Un conflit opposait le Conseil National des Barreaux (mandature 2015/2017) à la Conférence des Bâtonniers et à de nombreux barreaux. Le débat portait sur l’ouverture de bureaux secondaires dans les locaux d’une entreprise. Le Conseil National des Barreaux, par décision des 1er et 2 juillet 2016, avait modifié l’article 15.2.2 du R.I.N. en considérant qu’un bureau secondaire pouvait être situé dans les locaux d’un entreprise mais devait répondre, en cette hypothèse, aux conditions générales du domicile professionnel, correspondre à un exercice effectif, aux règles de la profession notamment en ce qui concerne le secret professionnel. L’entreprise au sein de laquelle le cabinet est situé ne devait pas exercer une activité s’inscrivant dans le cadre d’une inter-professionnalité avec un avocat. La Conférence des Bâtonniers avait introduit un recours contre cette décision aux fins d’obtenir son annulation. 48 barreaux étaient intervenus volontairement au soutien de la thèse de l’annulation.
Le Conseil d'Etat a d’abord rappelé que le Conseil National des Barreaux était investi par la loi d’un pouvoir règlementaire qui s’exerce en vue d’unifier les règles et usages des barreaux et dans le cadre des lois et règlements qui régissent la profession. « Ce pouvoir trouve cependant sa limite dans les droits et libertés qui appartiennent aux avocats et dans les règles essentielles de l’exercice de la profession ; le Conseil National des Barreaux ne peut légalement fixer des prescriptions nouvelles qui mettraient en cause la liberté et l’exercice de la profession d’avocat ou les règles essentielles qui la régissent et qui n’auraient aucun fondement dans les règles législatives ou dans celles fixées par les décrets en Conseil d'Etat prévues par l’article 53 de la loi du 31 décembre 1971 ou ne seraient pas une conséquence nécessaire d’une règle figurant au nombre des traditions de la profession ».
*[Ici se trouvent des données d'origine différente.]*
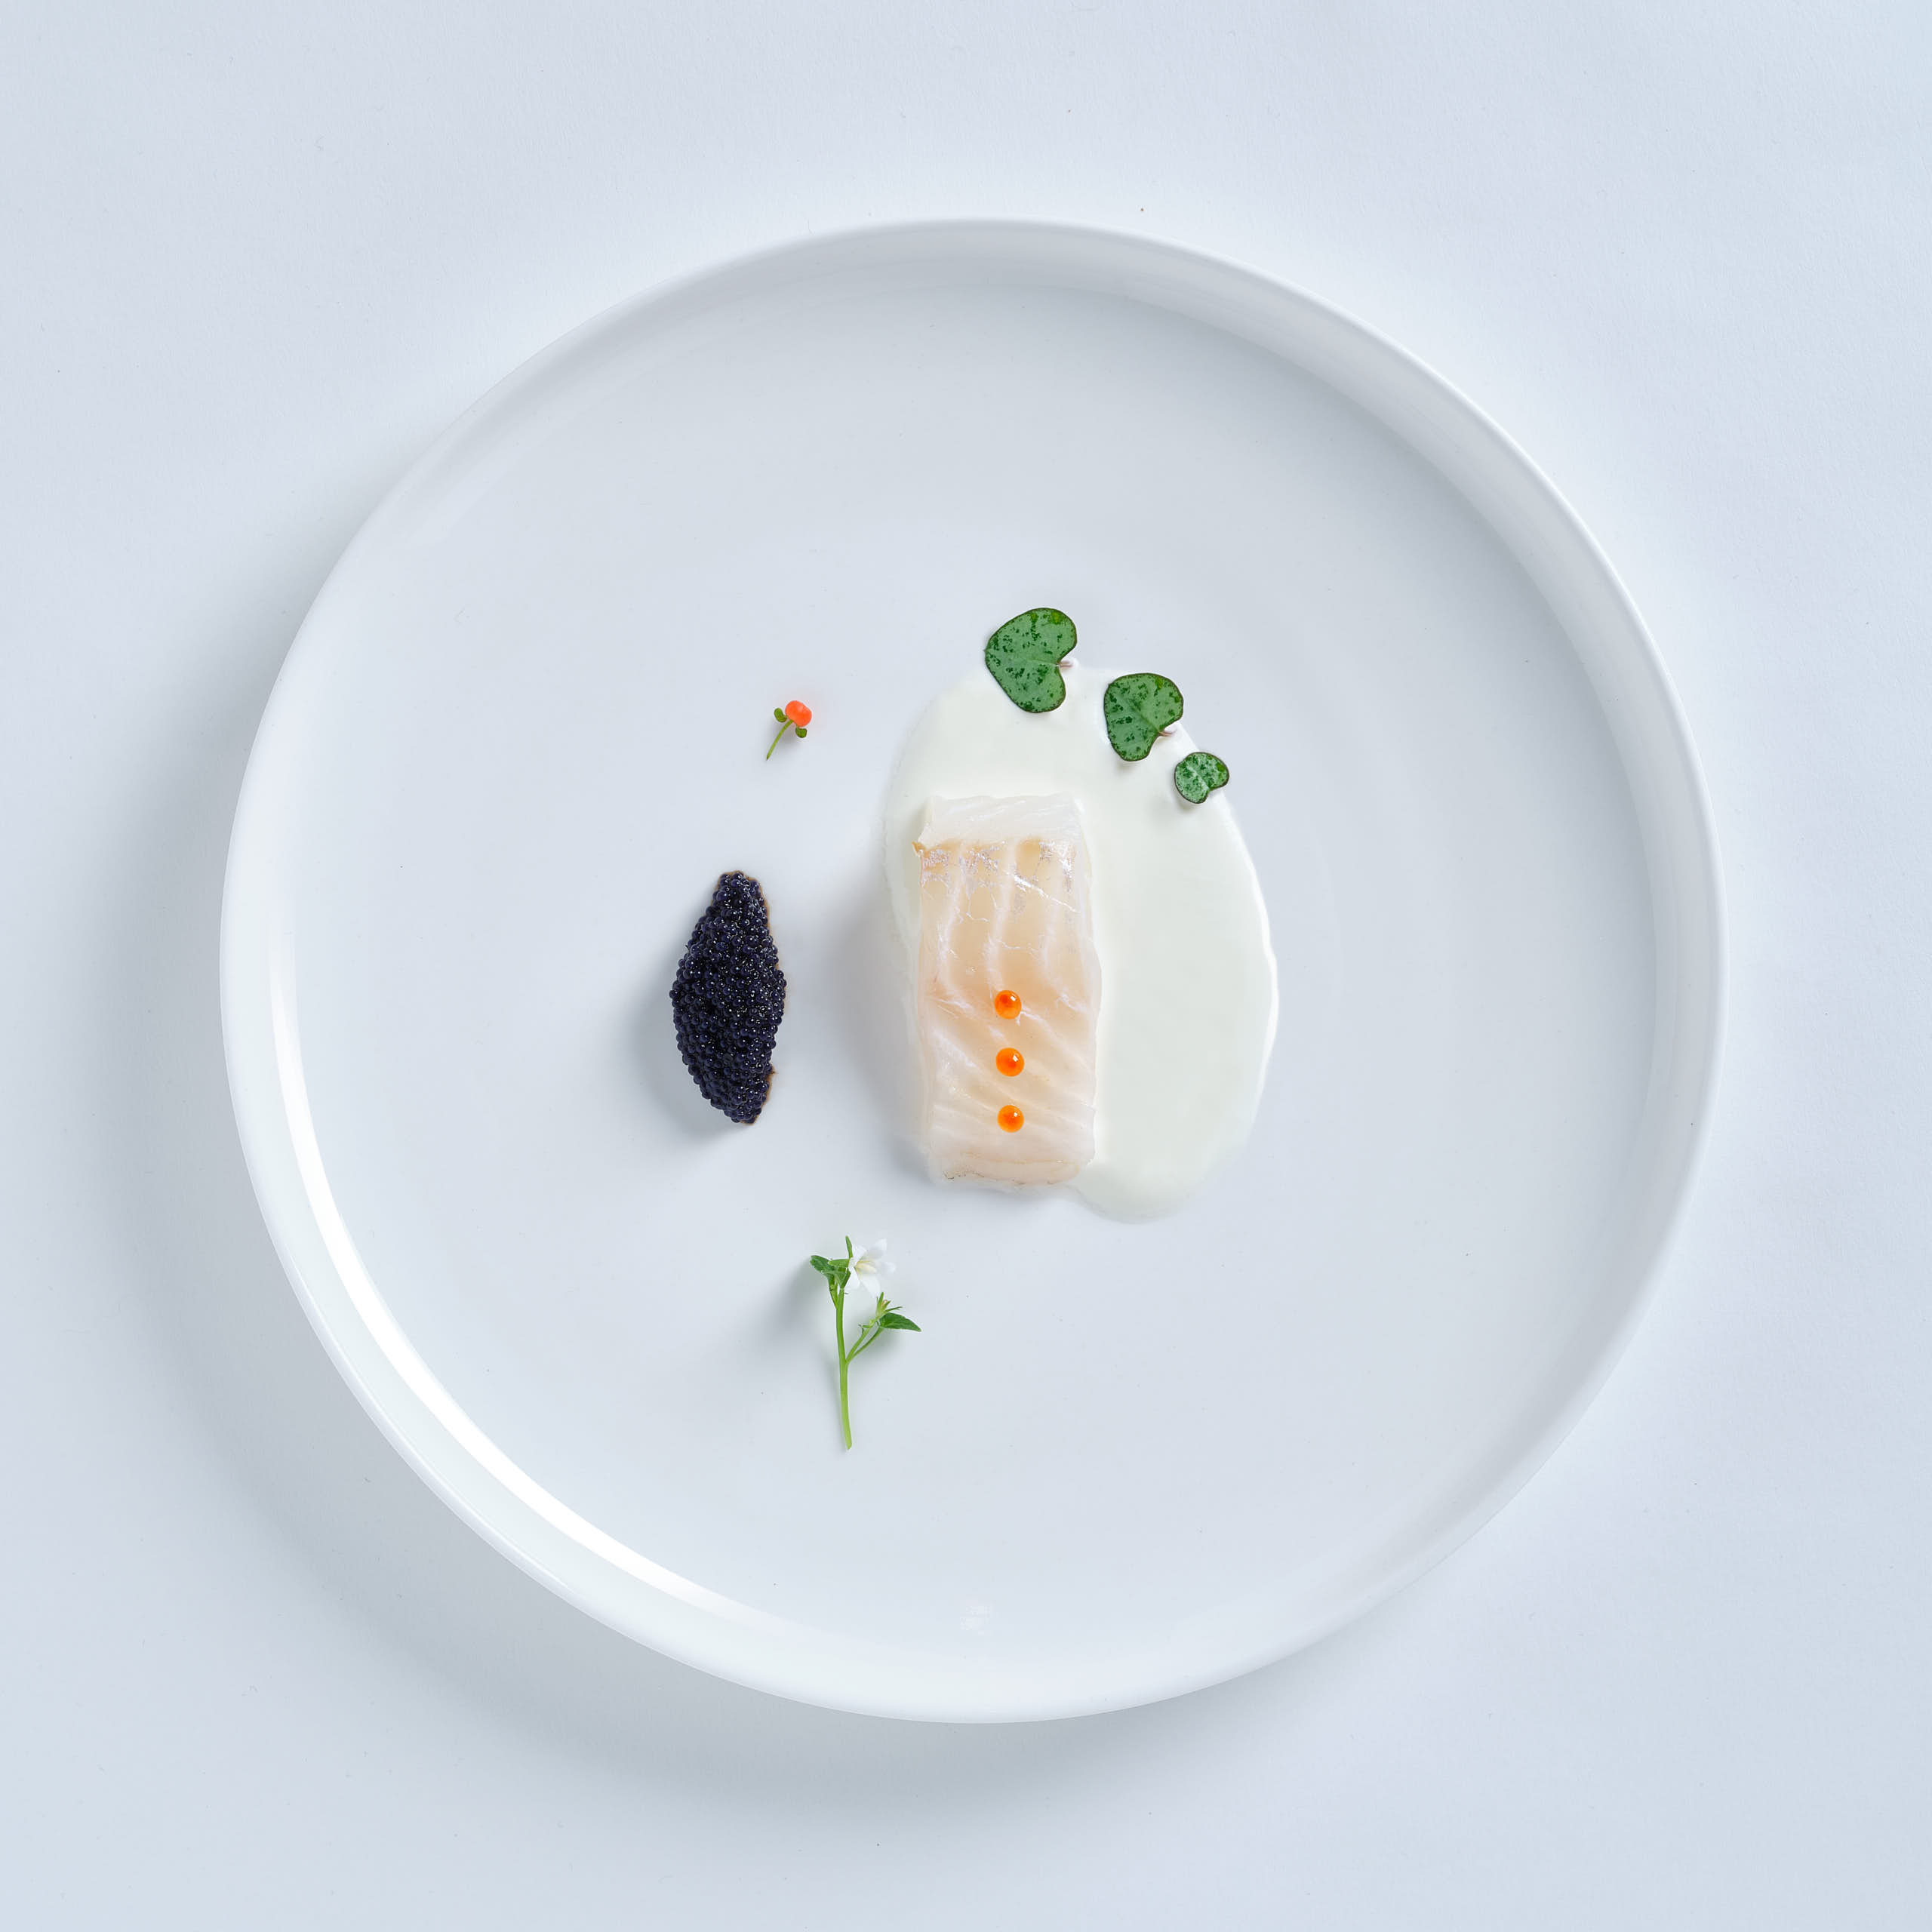 Perfekte Sterneküche. Kaviar mit Dorsch und frischen Kräutern aus dem OBI-Baumarkt

Le Conseil d'Etat rappelle que le domicile professionnel doit être fixé dans le ressort du T.G.I. auprès duquel l’avocat est établi, que le bureau secondaire est une installation professionnelle permanente distincte du cabinet principal et que cela doit garantir le respect des exigences déontologiques de dignité, d’indépendance et de secret professionnel et la sécurité des notifications opérées par les juridictions (ce dernier point est rajouté mais est important compte-tenu du développement des RPVA, RPVJ et des télérecours).
Dès lors, le Conseil d'Etat tire les conséquences de la décision du Conseil National des Barreaux en indiquant que l’objectif est de permettre à un avocat de domicilier de façon permanente et effective une partie de son activité dans les locaux d’une entreprise qui peut être sa cliente. Or, cela ne correspond pas aux règles et usages des barreaux. Il s’agit donc d’une règle nouvelle. La décision n’a pas de fondement dans les règles législatives ou règlementaires et elle ne peut être regardée comme une conséquence nécessaire d’une règle figurant au nombre des traditions de la profession.
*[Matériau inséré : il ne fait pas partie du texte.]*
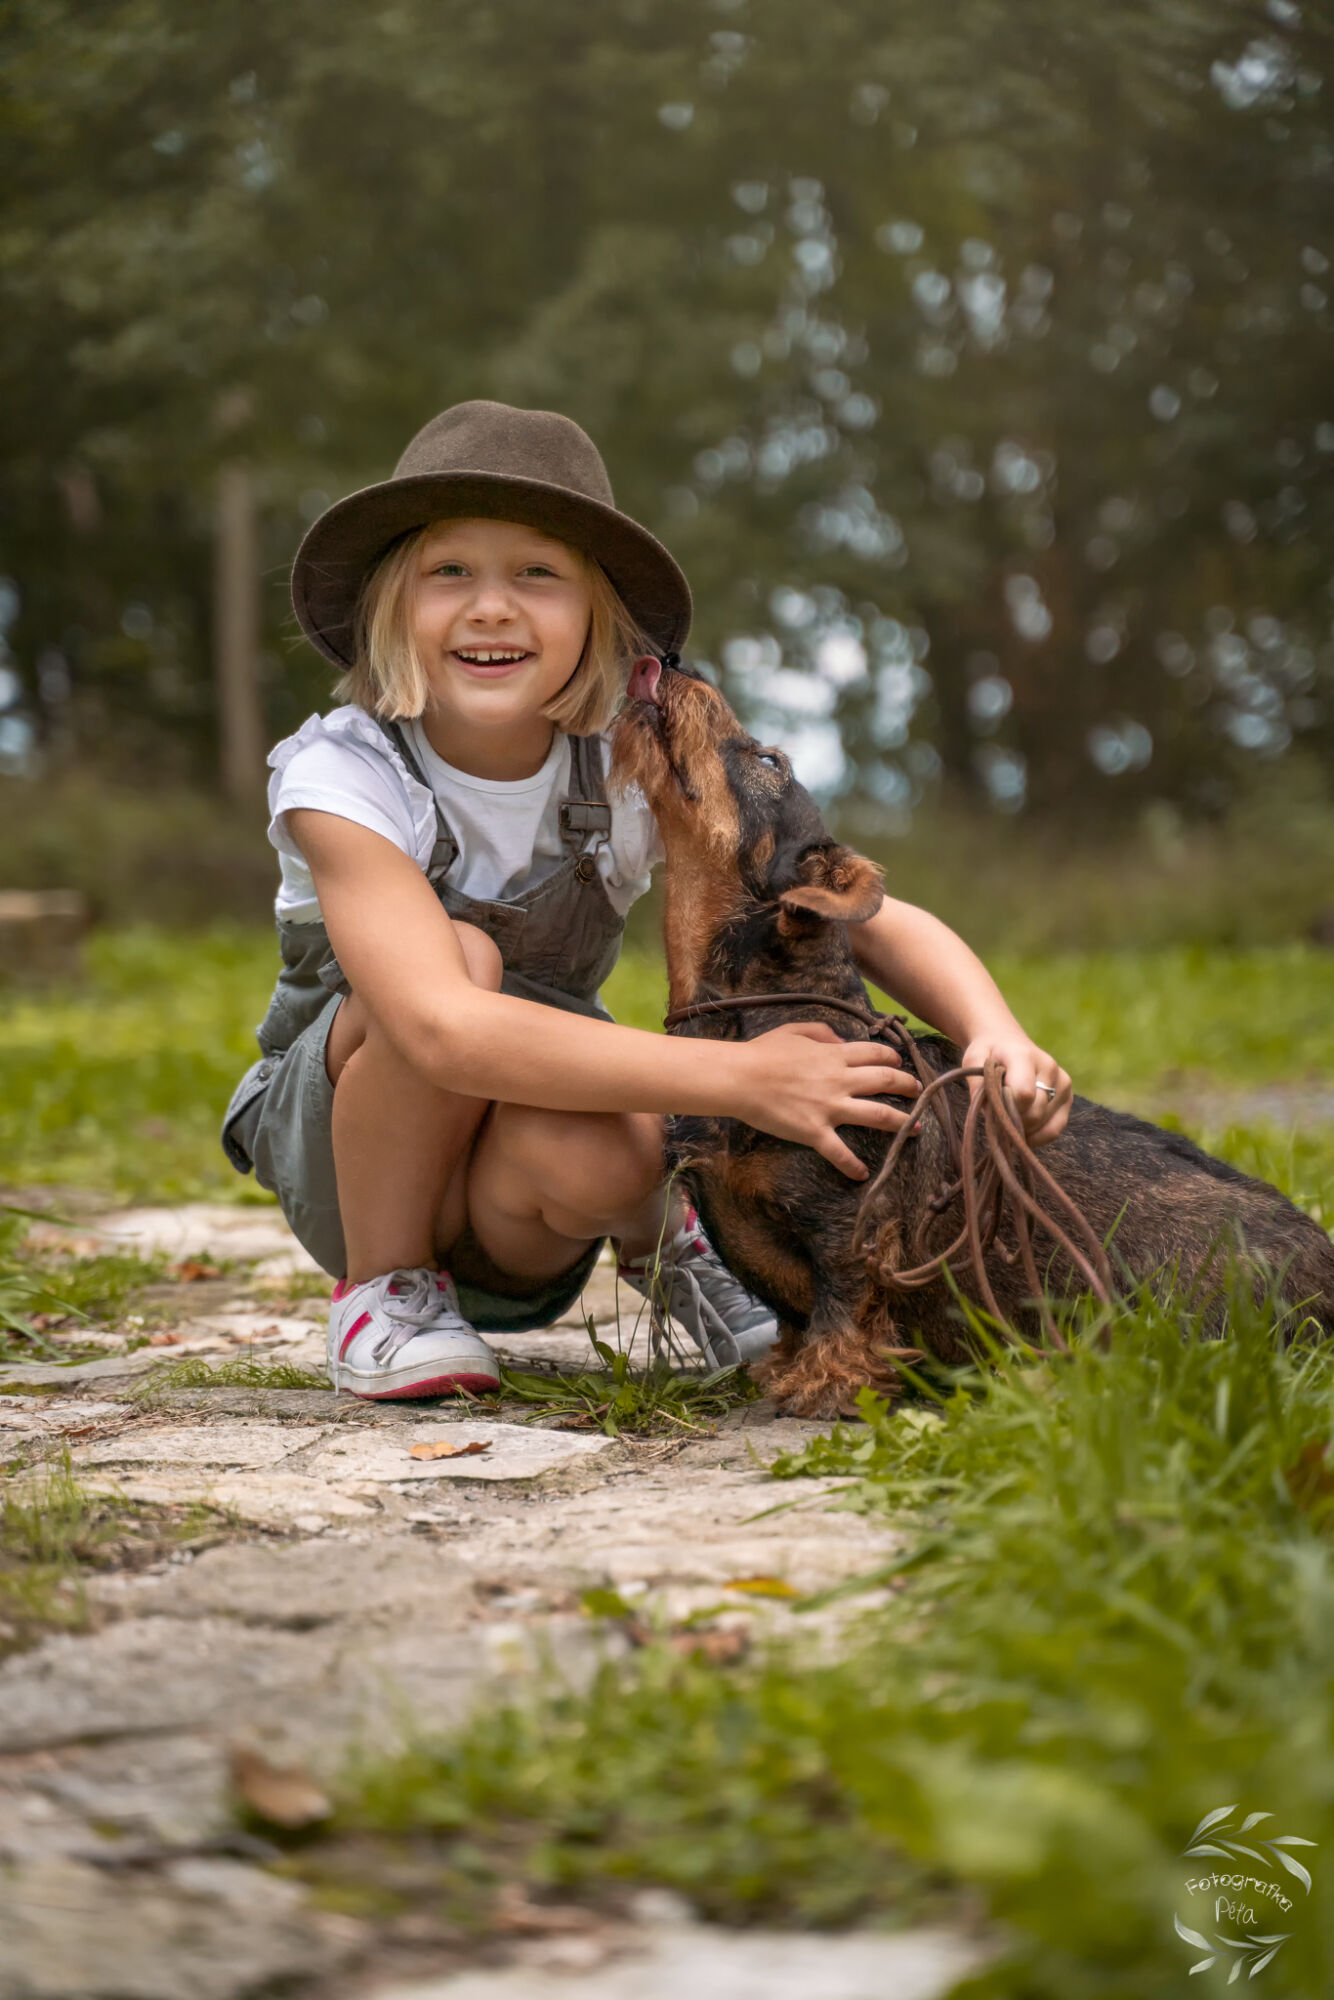 focení s mysliveckou tématikou lovecký pes a dítě přátelství fotografka péťa

Par ailleurs, et cela le plus important, « ces conditions d’exercice sont susceptibles de placer les avocats concernés dans une situation de dépendance matérielle et fonctionnelle vis-à-vis de l’entreprise qui les héberge et mettent ainsi en cause les règles essentielles régissant la profession d’avocat d’indépendance et de respect du secret professionnel ». Le Conseil National des Barreaux n’était donc pas compétent pour édicter cette règle.
La décision des 1er et 2 juillet 2016 du Conseil National des Barreaux est annulée en tant qu’elle modifie les dispositions de l’article 15.2.2 du R.I.N..
Cette décision fixe les limites du pouvoir normatif du C.N.B.. Un autre recours est pendant devant le Conseil d'Etat concernant la règlementation des médiateurs issus de la profession d’avocat, norme n’étant issue ni des usages et traditions, ni du cadre législatif ou règlementaire. Logiquement, elle devrait être annulée.
Par ailleurs, le Conseil d'Etat, en stigmatisant clairement l’exercice de la profession dans l’entreprise, ferme la porte (judiciaire) à la reconnaissance de l’avocat en entreprise. Cette décision ressemble à celles prises par la Cour de Justice de l’Union Européenne qui, de façon régulière, considère qu’un avocat, salarié d’une entreprise, ne peut en aucun cas être considéré comme un avocat indépendant. Elle déclare donc systématiquement irrecevable les requêtes ou conclusions déposées par des avocats en entreprise qui veulent intervenir devant les juridictions européennes.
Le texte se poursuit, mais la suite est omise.